The problem is that the integrand is obtained by the quotient rule: $$\bigg(\frac{g(x)}{h(x)}\bigg)'=\frac{g'(x)h(x)-g(x)h'(x)}{h^2(x)}$$ $$\bigg(\frac{x}{8\sqrt{x^2+8}}\bigg)'=\frac{1}{8}\cdot\frac{\sqrt{x^2+8}-\frac{x^2}{\sqrt{x^2+8}}}{x^2+8}=\frac{1}{8}\cdot\frac{\frac{x^2+8-x^2}{\sqrt{x^2+8}}}{x^2+8}=\frac{1}{8}\cdot\frac{8}{\sqrt{(x^2+8)^3}}=\frac{1}{\sqrt{(x^2+8)^3}}$$ It there a way to extract the solution from these types of integrals which argument is born from the easy quotient rule?

Answer 1

substitute $$x=2\sqrt{2}\tan(u)$$ then we get $$dx=2\sqrt{2}\sec^2(u)du$$

Answer 2

It there a way to extract the solution from these types of integrals which argument is born from the easy quotient rule?

None that I know of. You just see it or maybe make a lucky substitution.

Alternatively, you can take a look at Euler substitutions, which will work in this case and can help for quite a lot of hand-made integrals for homeworks.

Answer 3

I don't know of any general formula for the quotient rule.

But for an integral of the form $$\int \frac{dx}{\left(ax^n+b\right)^{k}}$$ You can try the following substitutions:

1. If $n=1$, put $u=ax+b$. ($n=0$ is trivial.)
2. If $n=2$, put $x=\left(\frac{b}{a}\right)^\frac{1}{n} tan u$.
3. If $n\ge 3$, put $x=\left(\frac{b}{a}\right)^\frac{1}{n} u$ and then factorise the polynomial in the denominator into linear and quadratic terms and then, after using the method of partial fractions to separate the terms, apply 1 and 2 as above.

This is just a general procedure, and may not be applicable always. Some problems will possess solutions obtained only by special methods.

Hope this helps.

Answer 4

As mentioned in another answer, the solution to the given integral can be found by making a substitution with a trigonometric function, then integrating, calculating, substituting back and simplifying.

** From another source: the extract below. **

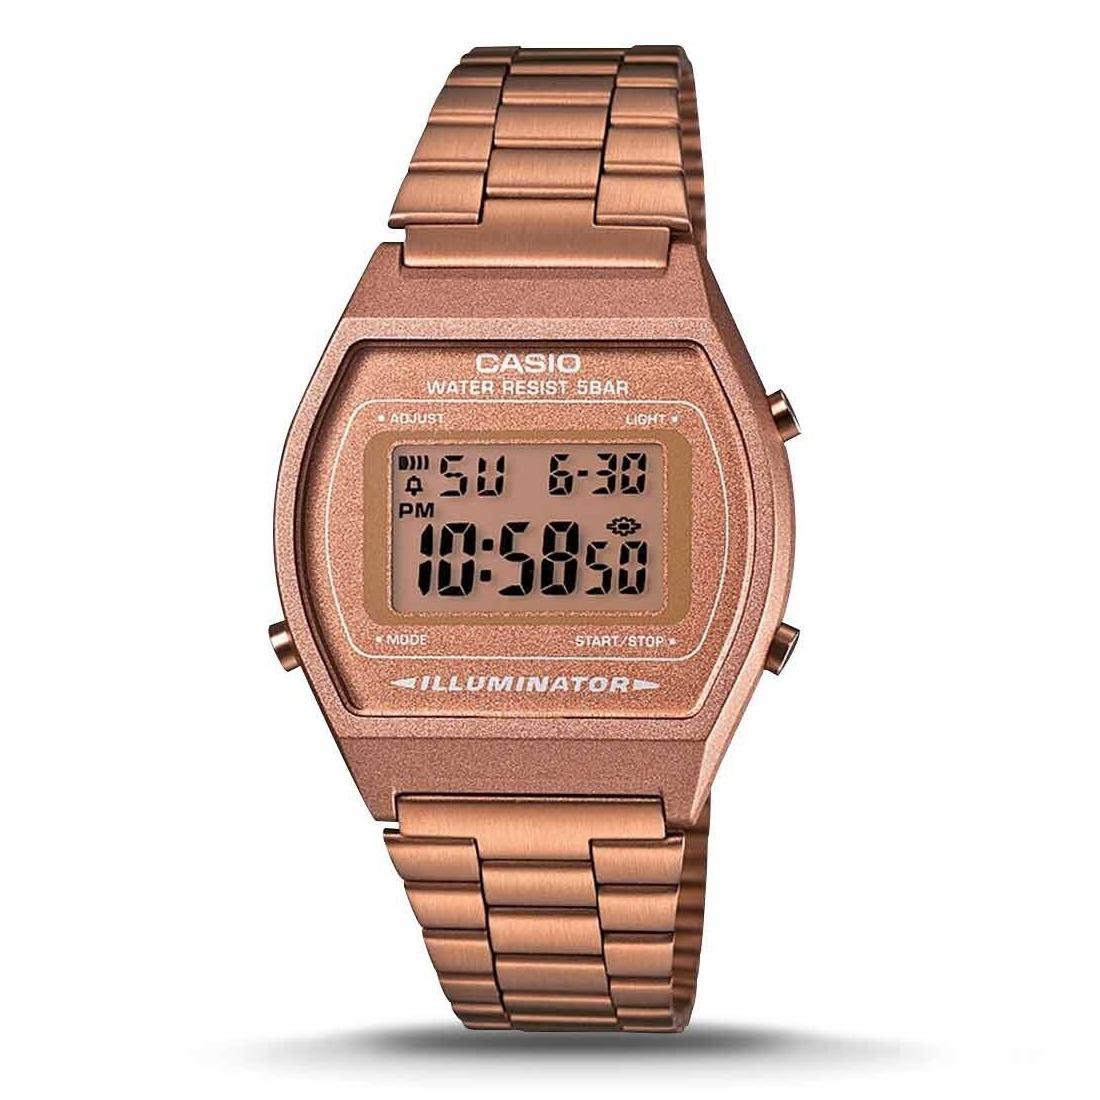 2945b15da8ae reloj casio vintage digital dama b640wc-5a oro rosa. Cargando zoom.
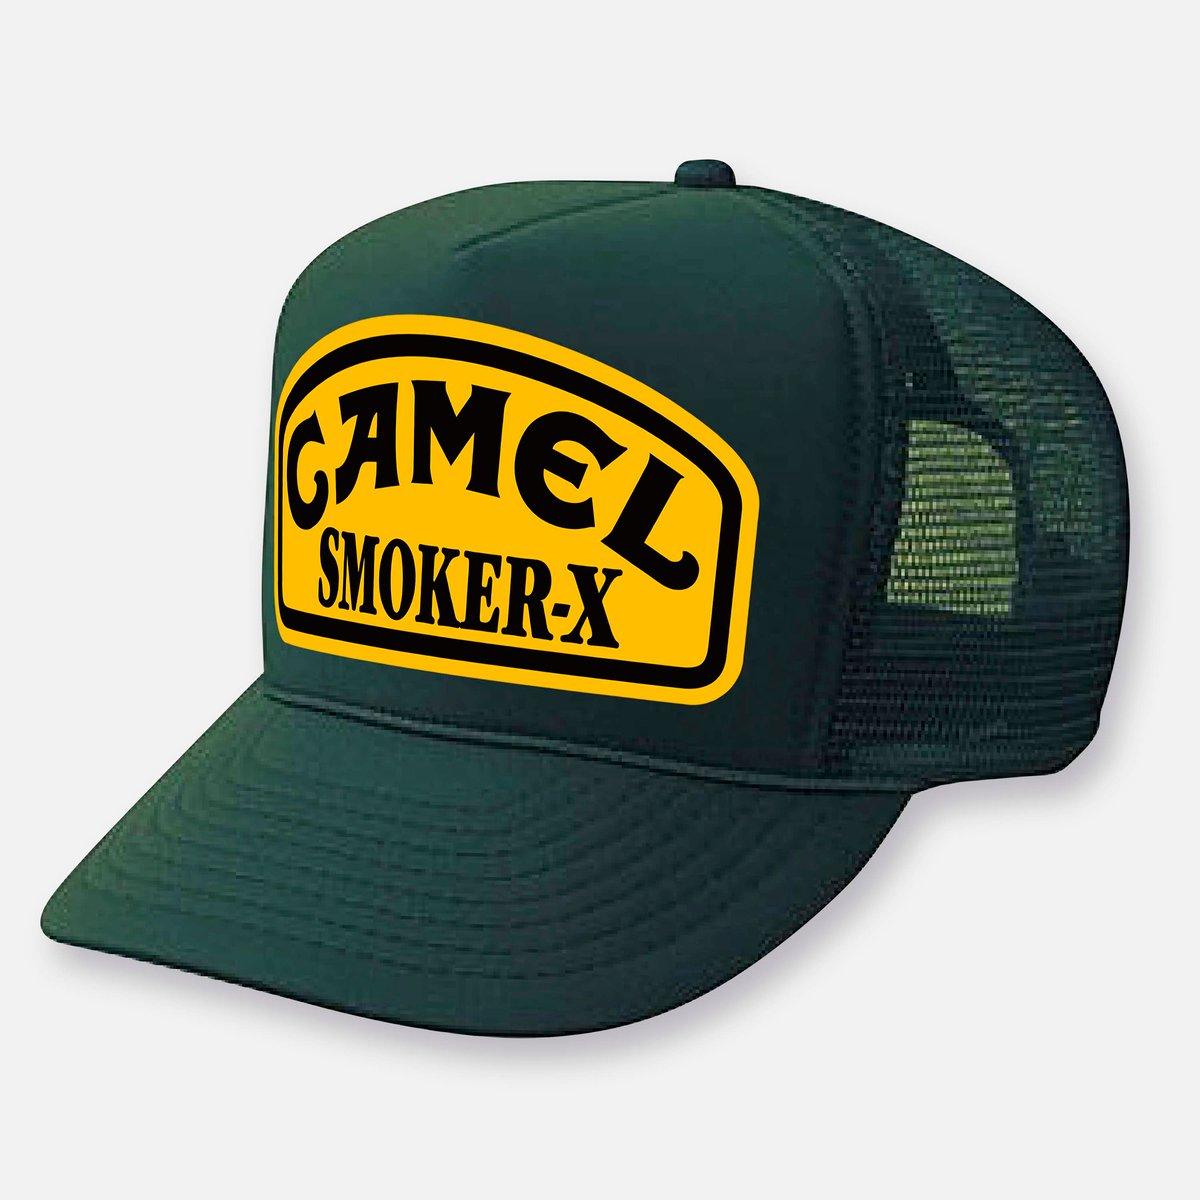 Image of SMOKER-X TALLBOY

For a general integral of the form

$I =\displaystyle \int \frac{1}{\left(a x^n+b\right)^p} \, dx$ ,

the solution can be obtained with the help of Mathematica in terms of a special function:

$\displaystyle I = x \left(a x^n+b\right)^{-p} \left(\frac{a x^n}{b}+1\right)^p \, _2F_1\left(\frac{1}{n},p;1+\frac{1}{n};-\frac{a x^n}{b}\right)+C$,

where $\, _2F_1(a,b;c;z)$ is the Gaussian hypergeometric function.

The integral in this question is the special case where

$a =1, b = 8, n = 2,p =3/2$

A function can be defined with Mathematica:

solh[a_, b_, n_, 
   p_] = (x*(1 + (a*x^n)/b)^p*
     Hypergeometric2F1[1/n, p, 1 + 1/n, -((a*x^n)/b)])/
       (b + a*x^n)^p; 

Then taking the special values for the integral in this question:

FullSimplify[solh[1, 8, 2, 3/2]]

It can be verified that the solution is

$\displaystyle \frac{x}{8\sqrt{x^2+8}} + constant$